Sloan – No Damn Fears. Sloan’s 14th album, Based on the Best Seller, dropped on September 26th, and the early reviews seem to be quite positive, although I don’t hear anything to match “Losing California” or “Everything You’ve Done Wrong.”

The Macks – Dually of Man. I don’t even remember where I found this song, from a longstanding Portland rock band that just put out their first proper album in September, but the intro synth riff is hypnotic, and the song just builds from there, passing through jam-band territory without ever drifting off into that direction entirely.

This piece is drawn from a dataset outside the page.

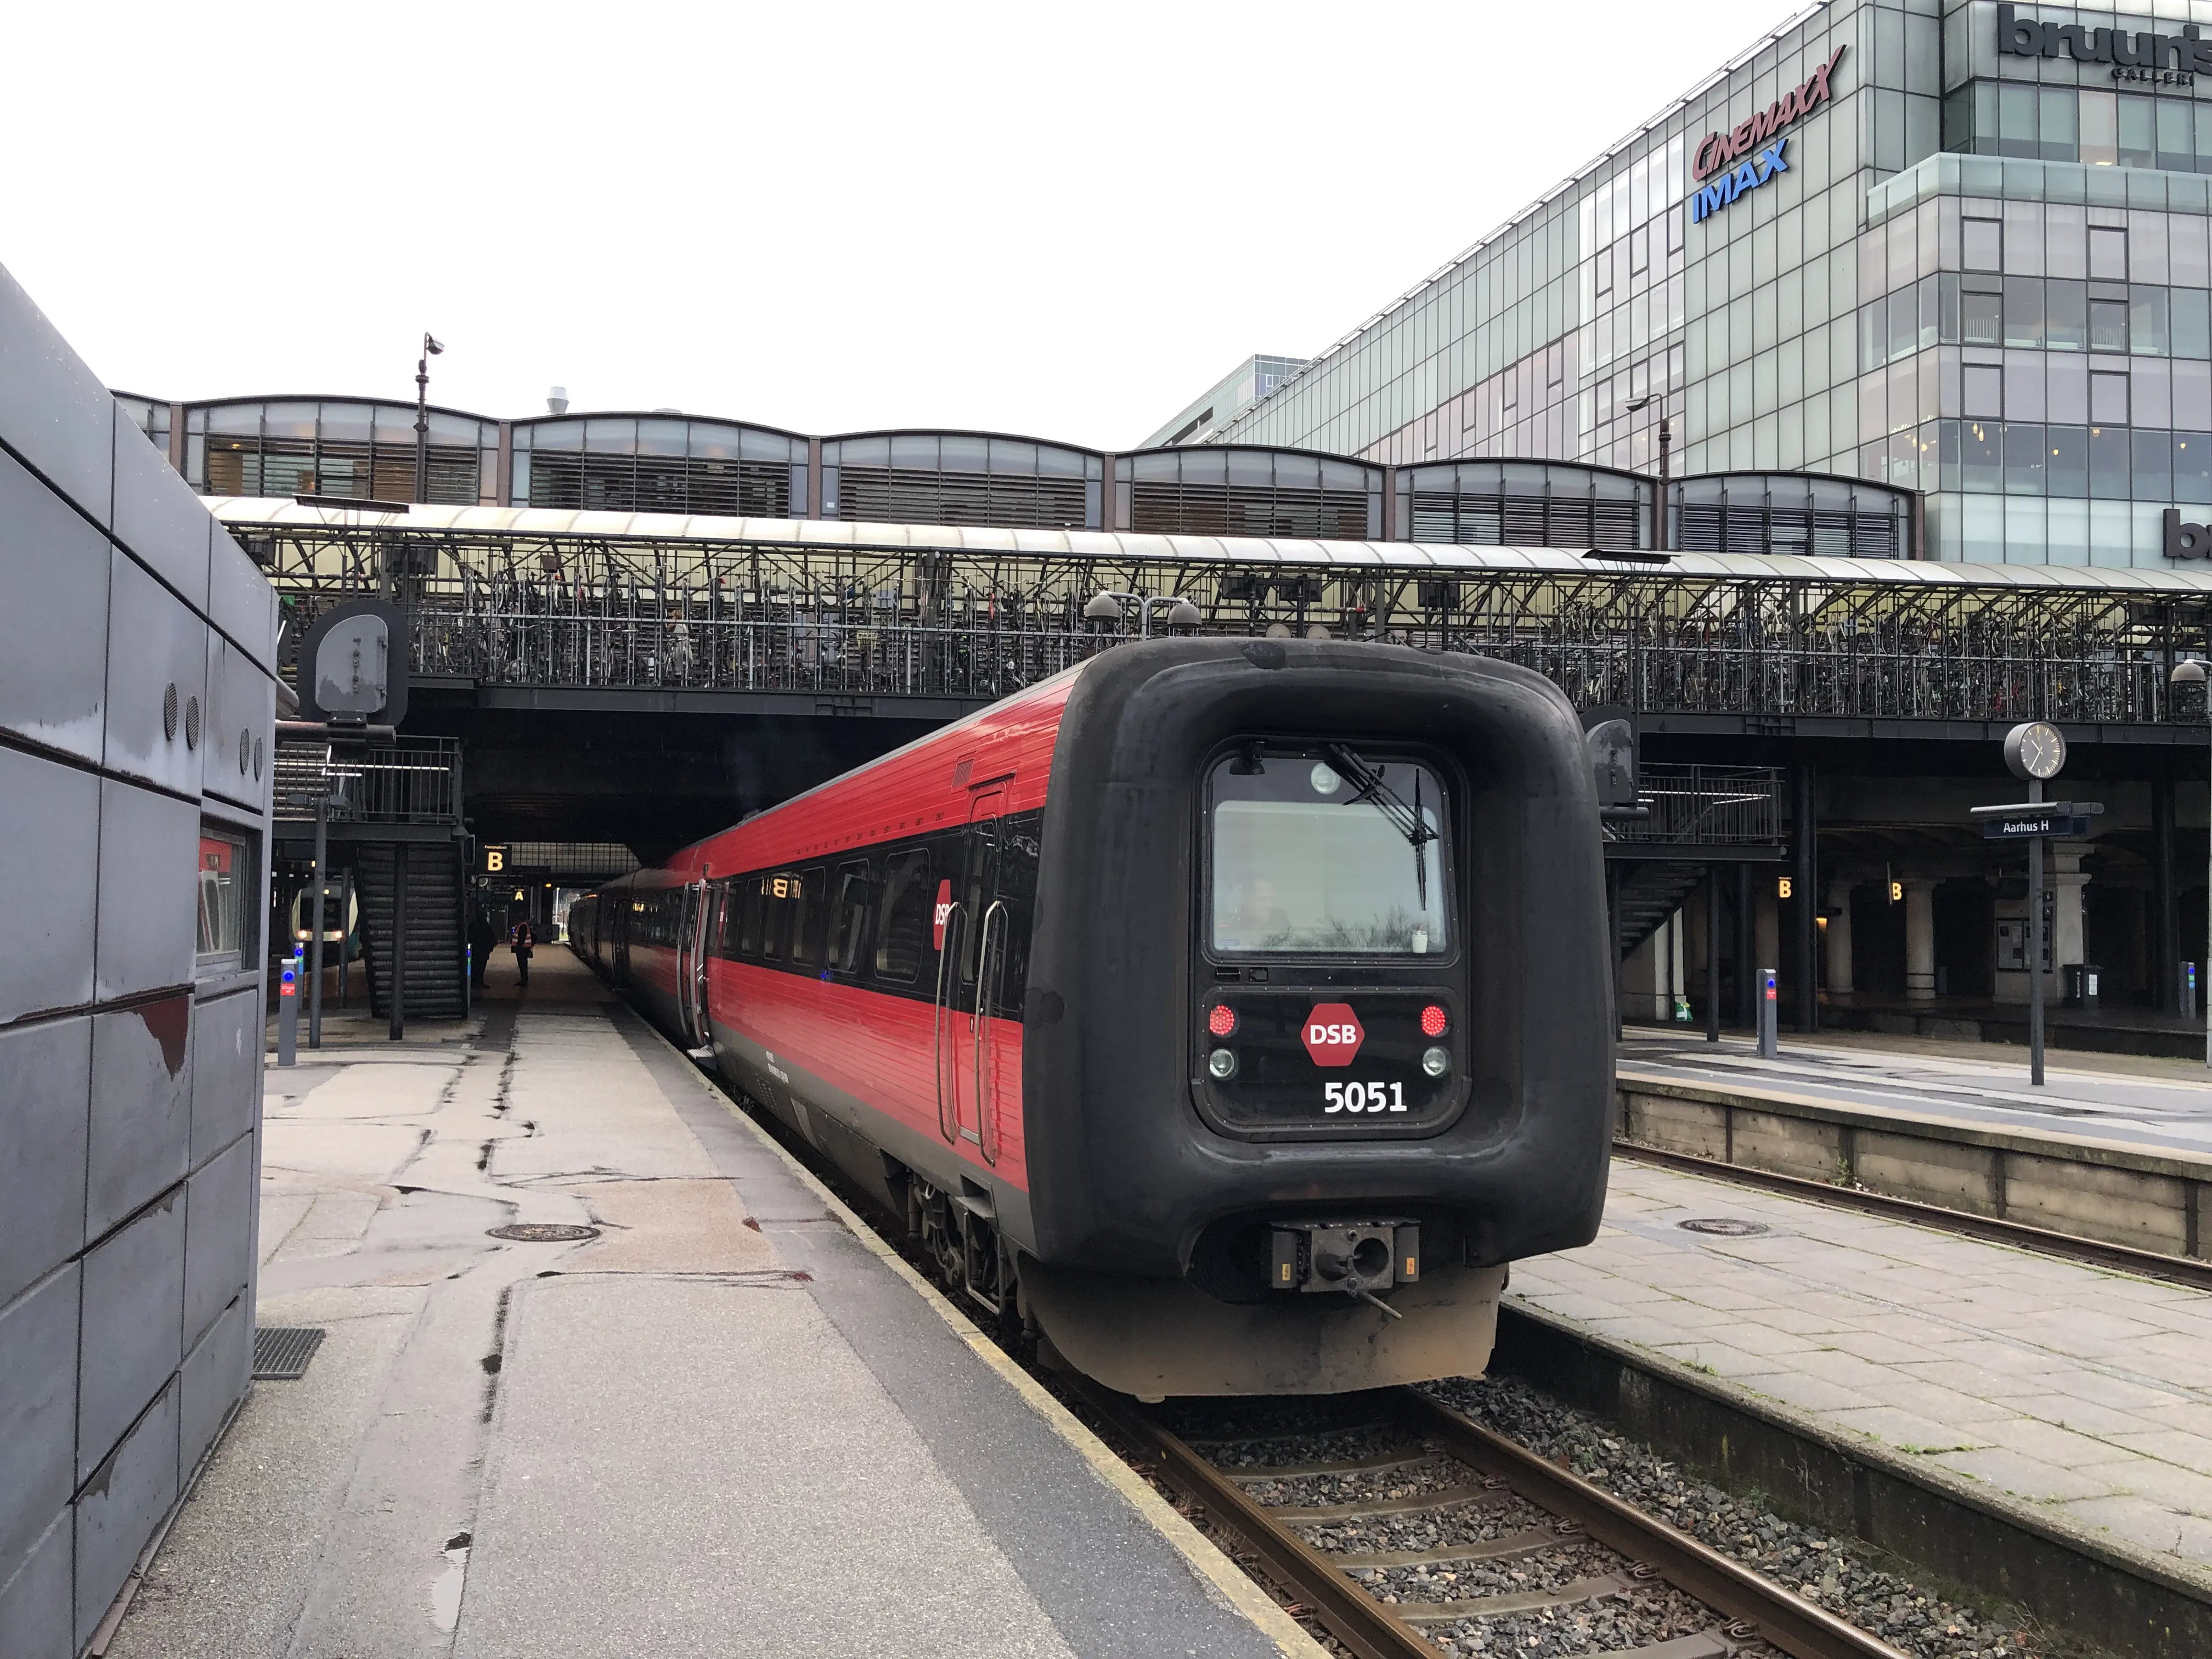 Aarhus H Station.
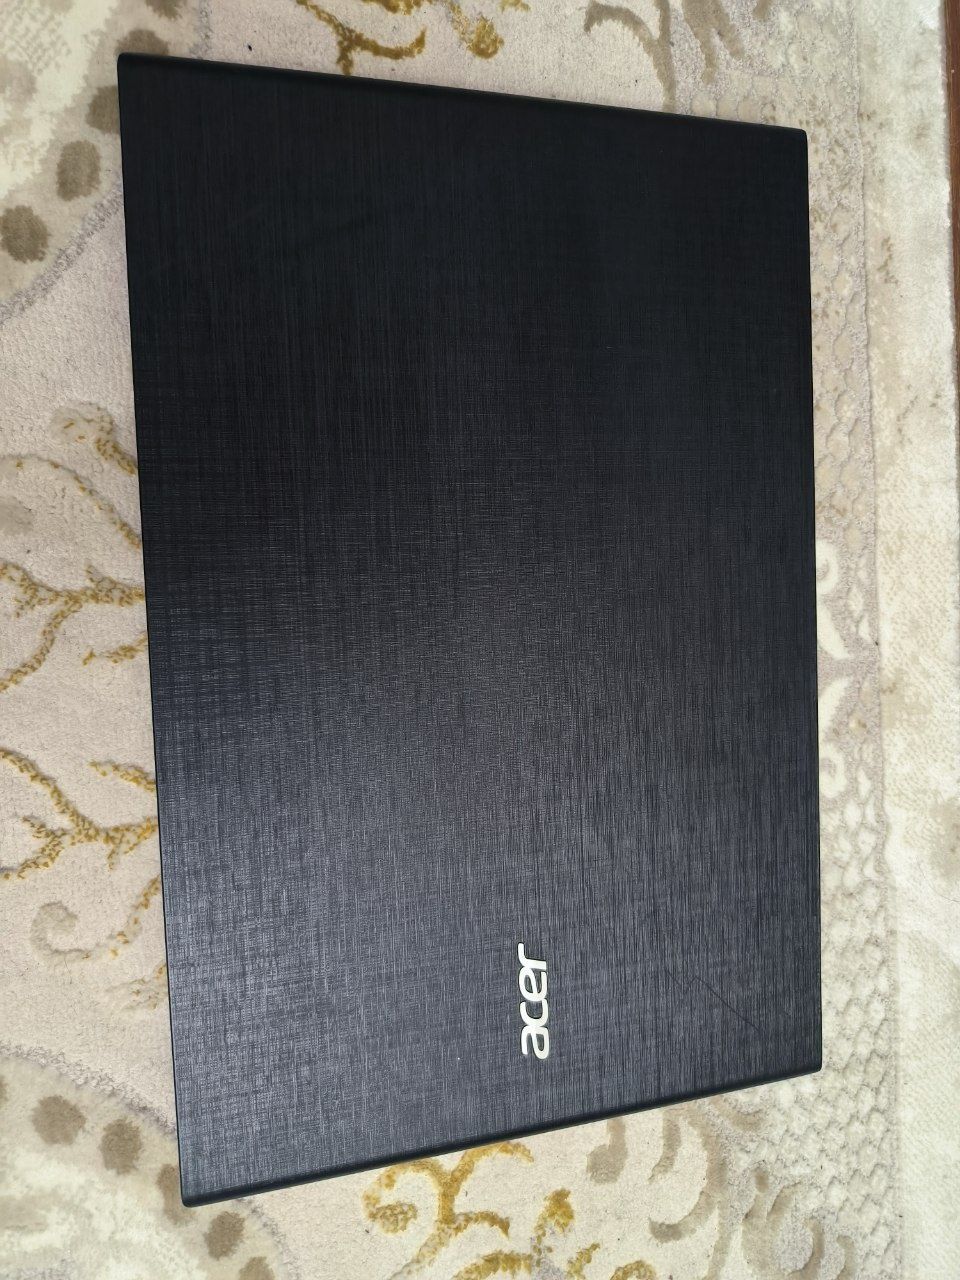 Acer core i5 + Nvidia GeForce

SONS – Do My Thing. This Belgian band has been putting out music since at least 2019 in Europe, although it seems like they’re making a push in the U.S. now with this latest single, which sounds a ton like The Hives (that’s a compliment).

Thrice – Albatross. Thrice’s latest album Horizons/West dropped today, the 3rd, so I haven’t had a chance to listen to it yet, but this was my favorite of the lead singles, with a dark, ominous vibe that recalls their 2016 album To Be Everywhere Is to Be Nowhere.

Castle Rat – Serpent. Castle Rat is full of gimmickry, but this is some excellent Sabbathesque doom metal, reminiscent of The Oath/Lucifer (since both have female vocalists with similar voices).

Coroner – Symmetry. It should be illegal for a band to go away for thirty-plus years and come back sounding this good. Not just good – ferocious. I would have been excited for any new Coroner album, but I cannot wait for Dissonance Theory to drop on the 17th.

Paradox – One Way Ticket to Die. This was a big month for ‘80s metal bands; Paradox put out two albums that decade, including one of the best concept albums in metal with 1989’s Heresy, then went on hiatus for 11 years. Their ninth album, Mysterium, was (possibly) recorded entirely by singer/guitarist Charly Steinhauer, the only remaining founding member, and it’s full of tight old-school Teutonic thrash, à la…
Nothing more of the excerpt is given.